Compute  $y(t)$  for configuration  $\rm C$ with  $K= 2$  and  $p_{\rm x} = -0.2 + {\rm j} \cdot 1.5\pi$.  What numerical value is obtained for time  $t = 1$?

$\ {\rm Re}\{y(t = 1)\} \ = \ $

$\ {\rm Im}\{y(t = 1)\} \ = \ $

4

What signal value  $y(t = 1)$  is obtained for the constellation  $\rm E$ with  $K= 2$  and two poles at  $p_{\rm x} = -0.2 \pm {\rm j} \cdot 1.5\pi$?

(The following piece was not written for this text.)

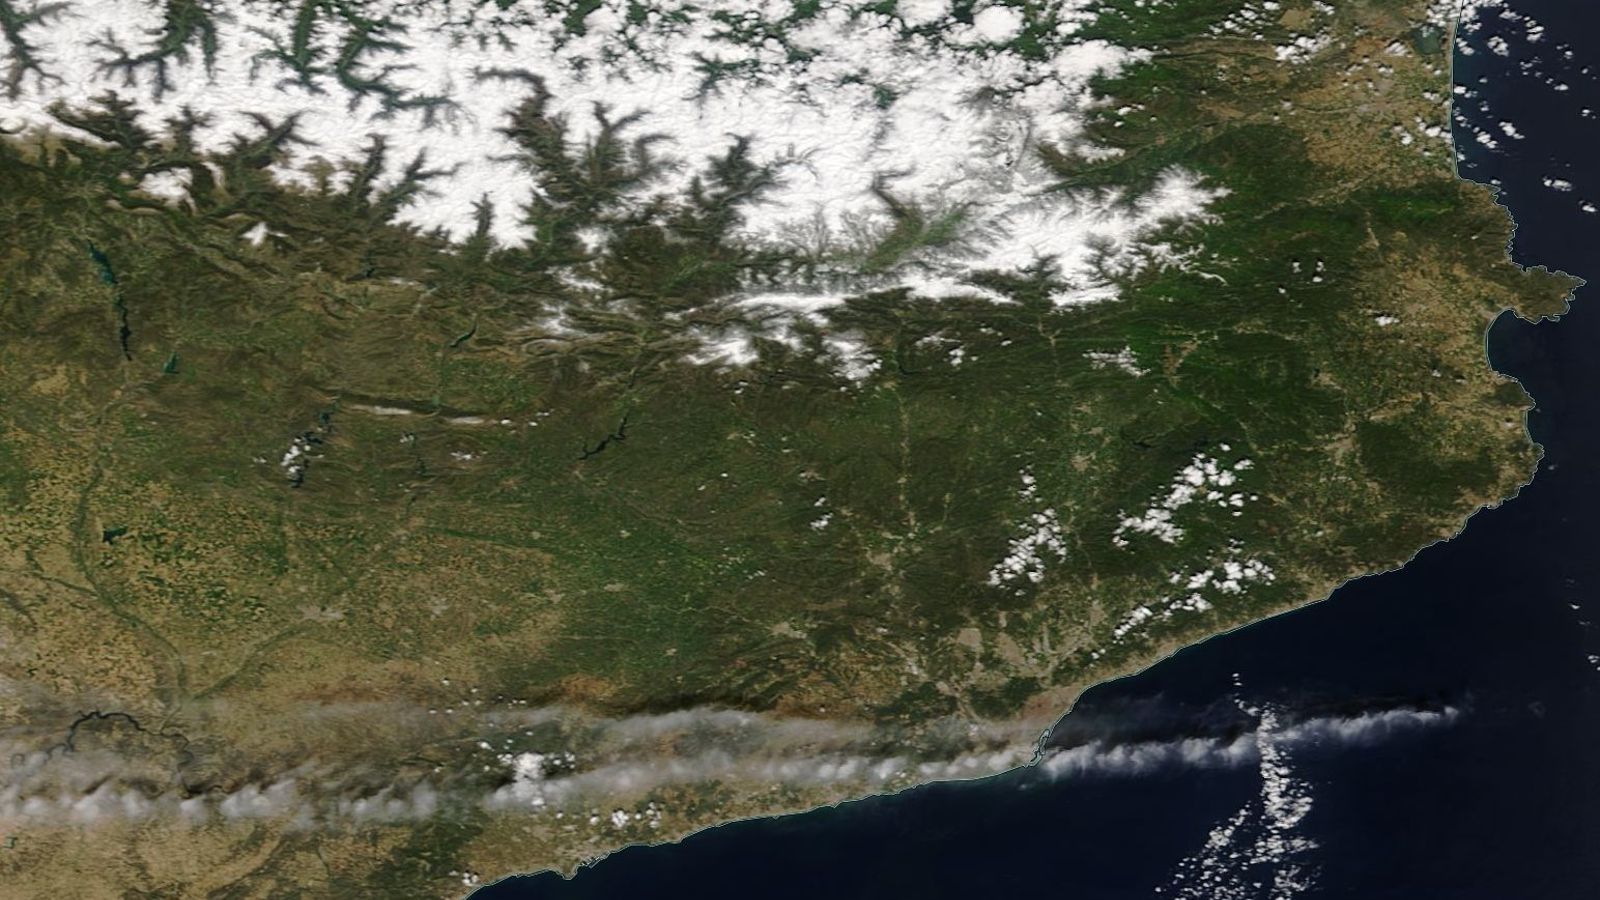 La nevada de dijous a vista de satèl·lit

$\ {\rm Re}\{y(t = 1)\} \ = \ $

$\ {\rm Im}\{y(t = 1)\} \ = \ $


Solution

(1)  Suggested solutions 2, 4 and 6 are correct:

  • The prerequisite for the application of the residue theorem is that there are fewer zeros than poles, that is,  $Z < N$  must hold.
  • This condition is not met for the configurations  $\rm B$,  $\rm D$ and  $\rm F$.
  • First, a partial fraction decomposition must be made here, for example for the configuration  $\rm B$  with  $p_x = -1$:
$$Y_{\rm L}(p)= \frac {p} {p +1}= 1-\frac {1} {p +1} \hspace{0.05cm} .$$


(2)  Considering  $Y_{\rm L}(p) = 2/(p+1)$  it follows from the residue theorem with  $I=1$:

$$y(t) = 2 \cdot {\rm e}^{\hspace{0.05cm}p \hspace{0.05cm}t} \bigg |_{p \hspace{0.05cm}= \hspace{0.05cm}-1}= 2 \cdot {\rm e}^{- \hspace{0.05cm}t}\hspace{0.3cm}\Rightarrow \hspace{0.3cm}y(t=1) =\frac{2}{\rm e} \hspace{0.15cm}\underline{ \approx 0.736 \hspace{0.15cm}{\rm (purely\hspace{0.15cm}real)}} \hspace{0.05cm} .$$


(3)  Using the same procedure as in the subtask  (2)  the following is obtained now:

$$y(t) = 2 \cdot {\rm e}^{\hspace{0.05cm}-(0.2 \hspace{0.05cm}+ \hspace{0.05cm}{\rm j} \hspace{0.05cm}\cdot \hspace{0.05cm}1.5 \pi) \hspace{0.05cm} \cdot \hspace{0.05cm}t} = 2 \cdot {\rm e}^{\hspace{0.05cm}-0.2 \hspace{0.08cm}\cdot \hspace{0.05cm}t}\cdot {\rm e}^{\hspace{0.05cm}-{\rm j} \hspace{0.08cm}\cdot \hspace{0.05cm}1.5 \pi\hspace{0.05cm}\cdot \hspace{0.05cm}t} \hspace{0.05cm} .$$
  • Due to the second term, it is a complex signal whose phase rotates in the mathematically positive direction  (counterclockwise) .
  • For time  $t=1$,  the following holds:
$$y(t = 1) = 2 \cdot {\rm e}^{\hspace{0.05cm}-0.2} \cdot \big [ \cos(1.5 \pi) + {\rm j} \cdot \sin(1.5 \pi) \big ]= - {\rm j} \cdot 1.638\hspace{0.3cm}\Rightarrow \hspace{0.3cm}{\rm Re}\{y(t = 1)\} \hspace{0.15cm}\underline{ = 0},\hspace{0.2cm} {\rm Im}\{y(t = 1)\} \hspace{0.15cm}\underline{=- 1.638} \hspace{0.05cm} .$$
  • The left graph shows the complex signal for a pole at  $p_x = -2 + {\rm j} \cdot 1.5 \pi$.  On the right the conjugate complex signal to it can be seen for  $p_x = -2 - {\rm j} \cdot 1.5 \pi$.


Complex signals at a pole


(4)  Nun gilt  $I=2$. Die Residien von  $p_{x1}$  bzw.  $p_{x2}$  liefern:

$$y_1(t) = \frac {K \cdot (p-p_{{\rm x}1})} { (p-p_{{\rm x}1})(p-p_{{\rm x}2})} \cdot {\rm e}^{\hspace{0.05cm}p\hspace{0.05cm}\cdot \hspace{0.05cm}t} \bigg |_{p \hspace{0.05cm}= \hspace{0.05cm}p_{{\rm x}1}}= \frac {K } { p_{{\rm x}1}-p_{{\rm x}2}} \cdot {\rm e}^{\hspace{0.05cm}p_{{\rm x}1}\hspace{0.05cm}\cdot \hspace{0.05cm}t} \hspace{0.05cm} ,$$
$$ y_2(t) = \frac {K } { p_{{\rm x}2}-p_{{\rm x}1}} \cdot {\rm e}^{\hspace{0.05cm}p_{{\rm x}2}\hspace{0.05cm}\cdot \hspace{0.05cm}t}= -\frac {K } { p_{{\rm x}1}-p_{{\rm x}2}} \cdot {\rm e}^{-p_{{\rm x}1}\hspace{0.05cm}\cdot \hspace{0.05cm}t}$$
$$\Rightarrow \hspace{0.3cm}y(t)= y_1(t)+y_2(t) = \frac {2 \cdot {\rm e}^{\hspace{0.05cm}-0.2 \hspace{0.08cm}\cdot \hspace{0.05cm}t}}{{\rm j} \cdot 3 \pi} \cdot \big [ \cos(.) + {\rm j} \cdot \sin(.) - \cos(.) + {\rm j} \cdot \sin(.)\big ]= \frac {4 }{ 3 \pi} \cdot {\rm e}^{\hspace{0.05cm}-0.2 \hspace{0.08cm}\cdot \hspace{0.05cm}t}\cdot \sin(1.5\pi \cdot t)$$
Signalverlauf der Konfiguration $\rm E$
$$\Rightarrow \hspace{0.3cm}y(t=1)= -\frac {4 }{ 3 \pi} \cdot {\rm e}^{\hspace{0.05cm}-0.2 \hspace{0.08cm}\cdot \hspace{0.05cm}t} \hspace{0.15cm}\underline{= -0.347} \hspace{0.05cm} .$$

Die Grafik zeigt den (rein reellen) Signalverlauf  $y(t)$  für diese Konfiguration.